The SOC interval division legend of Fig. 8 EMB.

Fig. 9 electrical generator charges to the EMB#1 that SOC is lower.

Figure 10 electrical generator charges to the EMB#2 that SOC is lower.

Figure 11 electrical generator charges to EMB#1 and EMB#2 simultaneously.

Figure 12 drive motor charges to the EMB#1 that SOC is lower.

Figure 13 drive motor charges to the EMB#2 that SOC is lower.

Figure 14 drive motor charges to EMB#1 and EMB#2 simultaneously

Figure 15 drive motor charges to the EMB#1 that SOC is lower, and electrical generator charges to the EMB#2 that SOC is higher.

Figure 16 drive motor charges to the EMB#2 that SOC is lower, and electrical generator charges to the EMB#1 that SOC is higher.

The EMB#1 that Figure 17 SOC is higher exports energy to drive motor.

The EMB#2 that Figure 18 SOC is higher exports energy to drive motor.

The EMB#1 that Figure 19 SOC is higher exports energy to drive motor, and electrical generator charges to the EMB#2 that SOC is lower.

The EMB#2 that Figure 20 SOC is higher exports energy to drive motor, and electrical generator charges to the EMB#1 that SOC is lower.

Figure 21 EMB#1 and EMB#2 exports energy to drive motor simultaneously.

The higher EMB#1 of Figure 22 SOC is to power battery charging.

The higher EMB#2 of Figure 23 SOC is to power battery charging.

The higher EMB#1 of Figure 24 SOC is to power battery charging, and electrical generator is to the lower EMB#2 charging of SOC.

The higher EMB#2 of Figure 25 SOC is to power battery charging, and electrical generator is to the lower EMB#1 charging of SOC.

The higher EMB#1 of Figure 26 SOC is to power battery charging, and drive motor is to the lower EMB#2 charging of SOC.

The higher EMB#2 of Figure 27 SOC is to power battery charging, and drive motor is to the lower EMB#1 charging of SOC.

The EMB#1 that Figure 28 SOC is higher exports energy to drive motor, and the lower EMB#2 of SOC is to power battery charging.

The EMB#2 that Figure 29 SOC is higher exports energy to drive motor, and the lower EMB#2 of SOC is to power battery charging.
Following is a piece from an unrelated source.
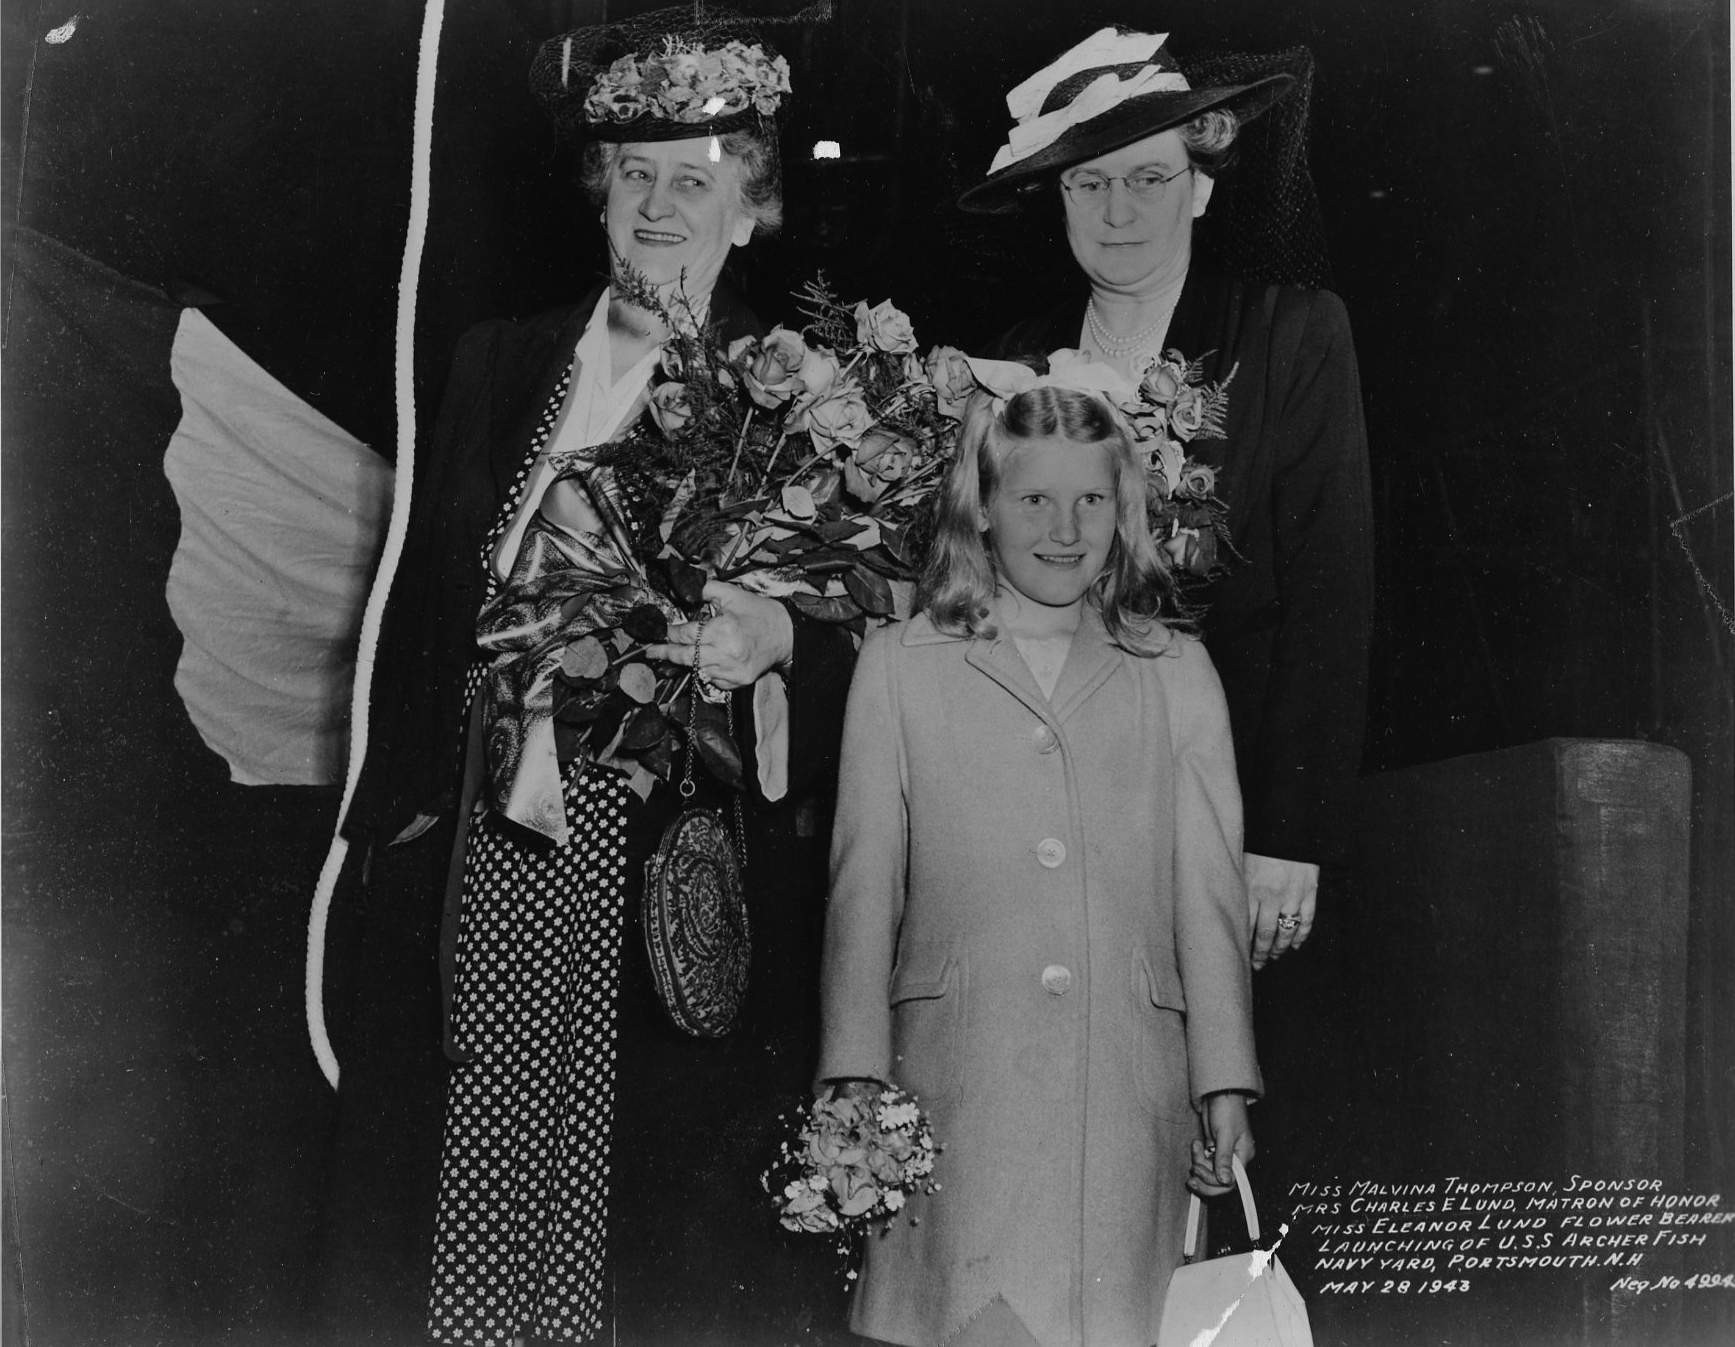 Malvina Thompson (sponsor), Mrs. Charles E. Lund (matron of honor), and Eleanor Lund (flower bearer) at the launching ceremony of Archerfish, Portsmouth Navy Yard, Kittery, Maine, United States, 28 May 1943.

Figure 30 EMB#1 and EMB#2 is simultaneously to power battery charging.

Wherein: 1, high-speed bearing 2, vacuum chamber 3, rotor flywheel 4, stator winding 5, permanent magnet/rotor windings

Detailed description of the invention

By reference to the accompanying drawings the utility model is explained in further detail.

Compared to the passive charge-discharge characteristic of other batteries, in the utility model, the using value of EMB is embodied in:

(1) initiative of EMB charge and discharge

By amplitude and the frequency of control EMB stator field, EMB can be switched charge and discharge mode on one's own initiative fast by demand, on one's own initiative energy is absorbed and discharge, on one's own initiative adjusting energy absorb and release speed (power); The energy stored as EMB is E _xtime, EMB is according to a certain fixed demand power P _xwhen continuing to export energy to outside, time length t _dmeet expression formula: t _d=E _x/ P _x, work as P _xfor timing, EMB outwards exports energy; Work as P _xfor time negative, EMB absorbs energy from the external world, as Fig. 3, EMB mode of operation can on two symmetrical hyperbolas fast transfer between any two points, be therefore applicable to very much providing in short-term to vehicle, high-performance energy to be to meet dynamic property demand.
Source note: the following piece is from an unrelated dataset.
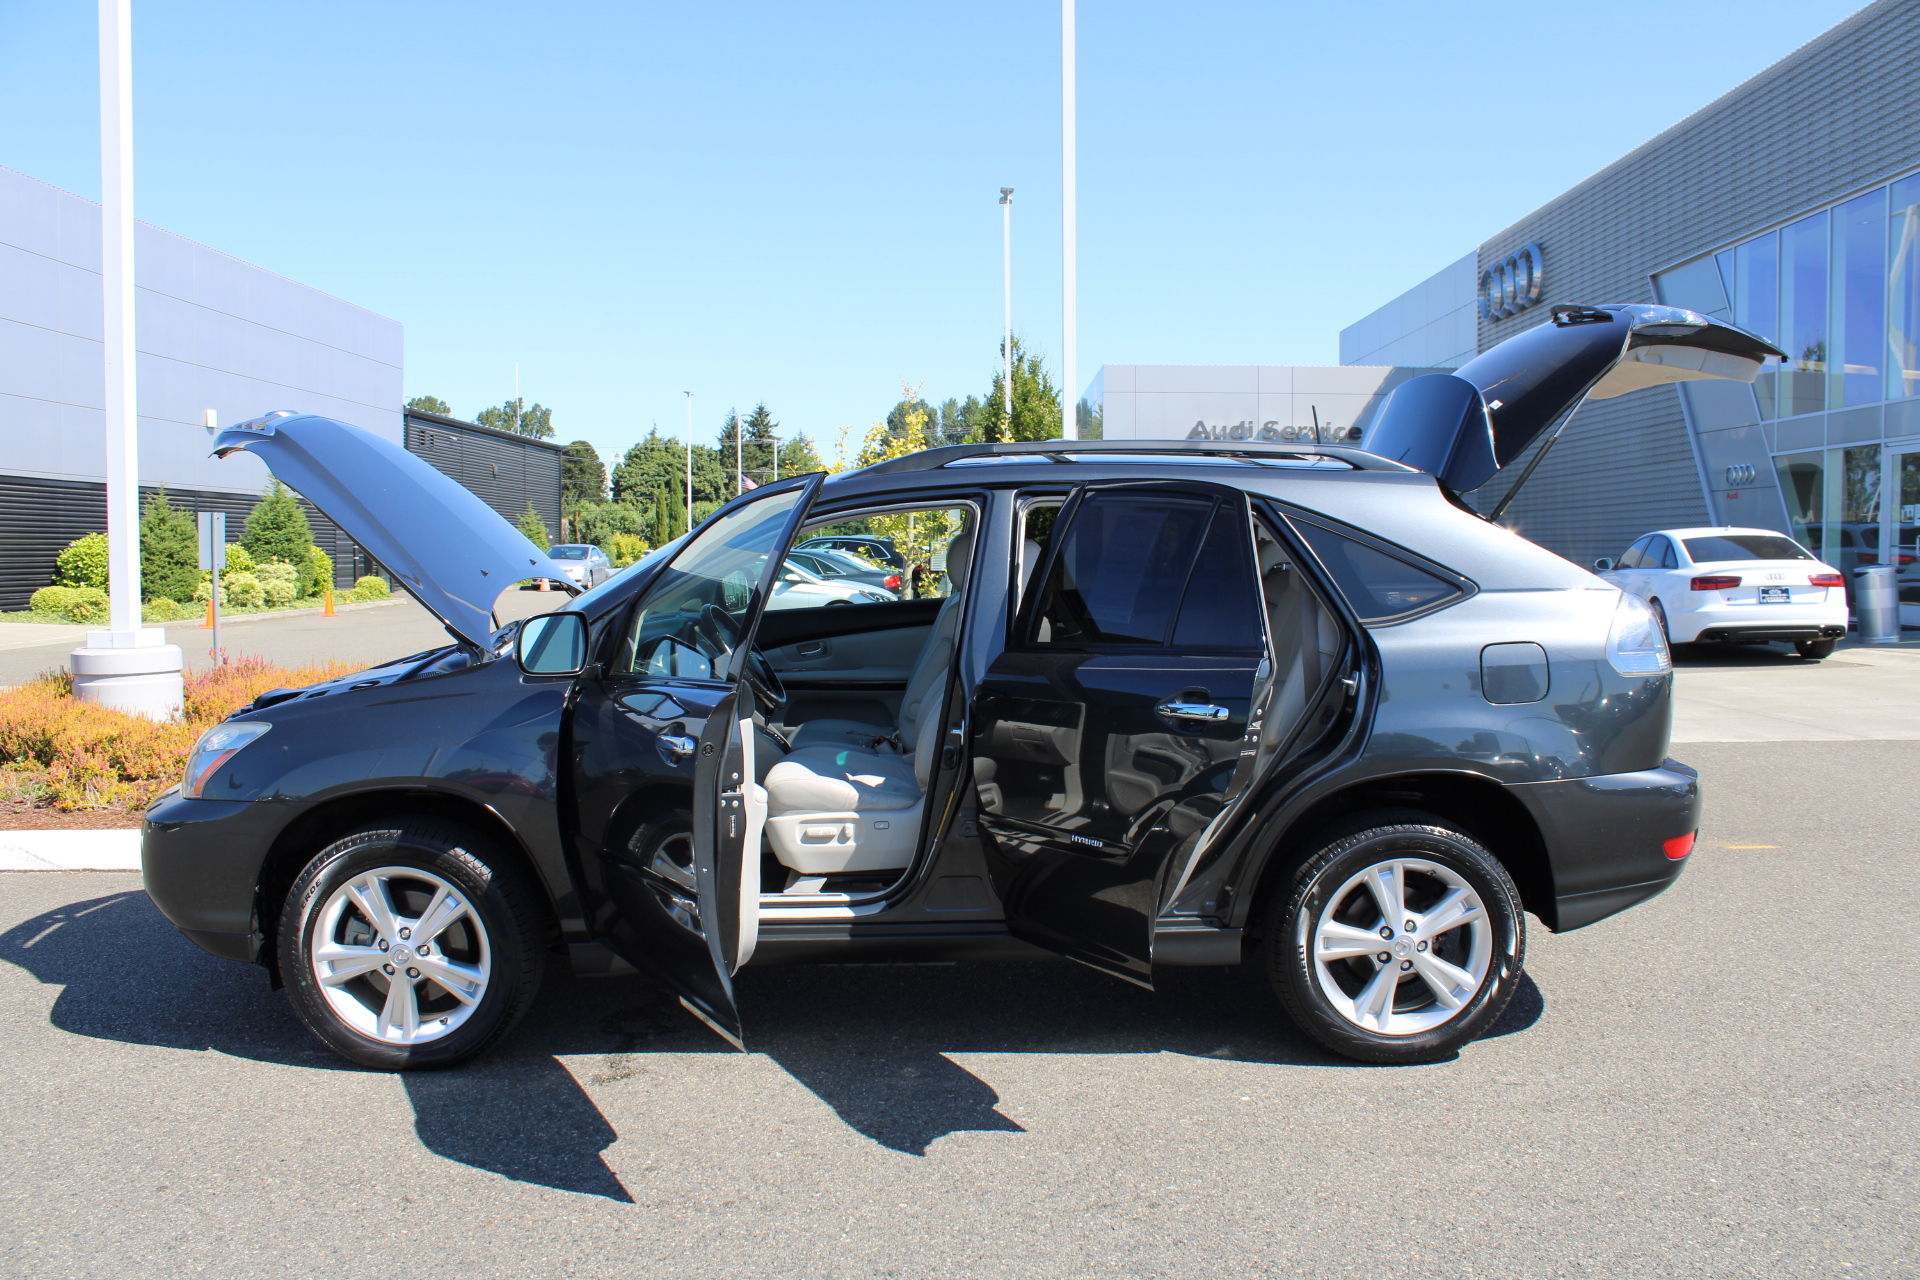 PreOwned 2008 Lexus RX 400h 4D Sport Utility in Fife

(2) overcharging resisting, excessively exoergic power are strong

The energy carrier of EMB is the rotor flywheel rotated, compared to the inner complicated electrochemical transformation of energy of chemical cell, its conversion process of energy simple, intuitive more, the SOC minimum value of EMB is 0%, be defined as the state that rotor Speed of Reaction Wheels is zero, this is chemical cell institute out of reach; SOC be 100% situation be the energy storage state of EMB when being operated in rated speed of rotation.Because EMB inherits the structure of motor, therefore there is the ability exceeding rated speed of rotation work, under the condition that, the bearing working limit enough at rotor flywheel mechanical strength allows, the overload capacity of EMB just equals it and overcharges ability, and therefore the SOC maxim of EMB can more than 100%.Such as under the overload situations of 10%, EMB can store the energy of 21% more, and it overcharges ability and has some idea of.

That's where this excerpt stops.